Book Review: Abracadabra, It’s Spring by Anne Sibley O’Brien

Abracadabra It’s Spring. By Anne Sibley O’Brien. Illustrated by Susan Gal

Ages: 2-5

(I am an Amazon Affiliate. I do not get paid to review books but if you click on the link and purchase a book I do receive a percentage. I am using the proceeds to start a literacy non-profit.)

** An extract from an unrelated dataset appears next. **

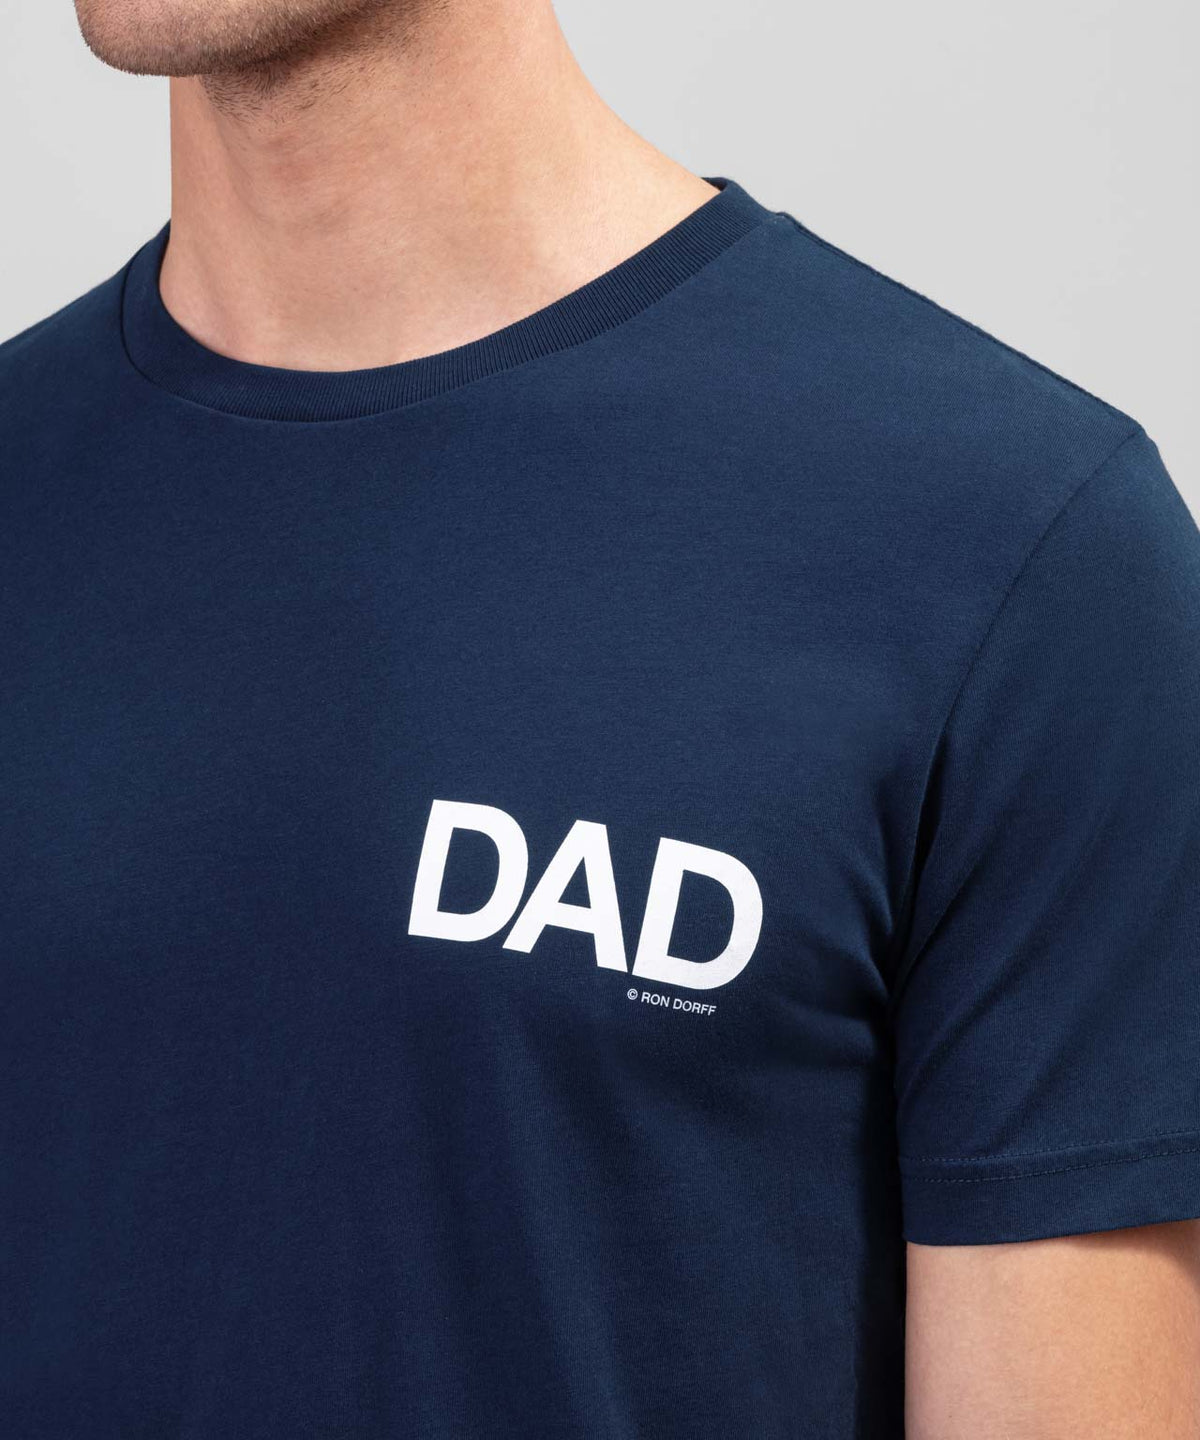 Camiseta DAD navy. Ron Dorff

Abracadabra It’s spring is simply written text about the surprises and magic of spring. The sturdy-fold-out pages and colorful and bright pictures will draw in young and older preschooler readers alike. Children can open the fold-outs to reveal the surprise inside. (PRINT MOTIVATION, PRINT AWARENESS) The magical incantations are fun ways to explore the sounds of words and the words are written in different colors highlighting the letters used. (PHONOLOGICAL AWARENESS, LETTER AWARENESS) The realistic and concrete story is perfect for young children. Have fun naming the animals and plants revealed on the pages. (VOCABULARY) Although the picture book doesn’t have a strong narrative the progression from wintery days to sunny spring will provide a natural story rhythm for the child.

SKILLS HIGHLIGHTED:

  • PRINT MOTIVATION
  • PRINT AWARENESS
  • PHONOLOGICAL AWARENESS
  • LETTER AWARENESS
  • VOCABULARY

QUESTIONS TO ASK:

  • Look at the cover of the book together with your child. Talk about what they see during the spring. How is it different from the other seasons of fall, winter and summer.
  • Question to ask during story: What happened to the snow on the ground? Where did it go?
  • Question to ask: What plant do you think the green chute will turn into? What do plants need to grow?
  • After the story: How many birds do you see in the book?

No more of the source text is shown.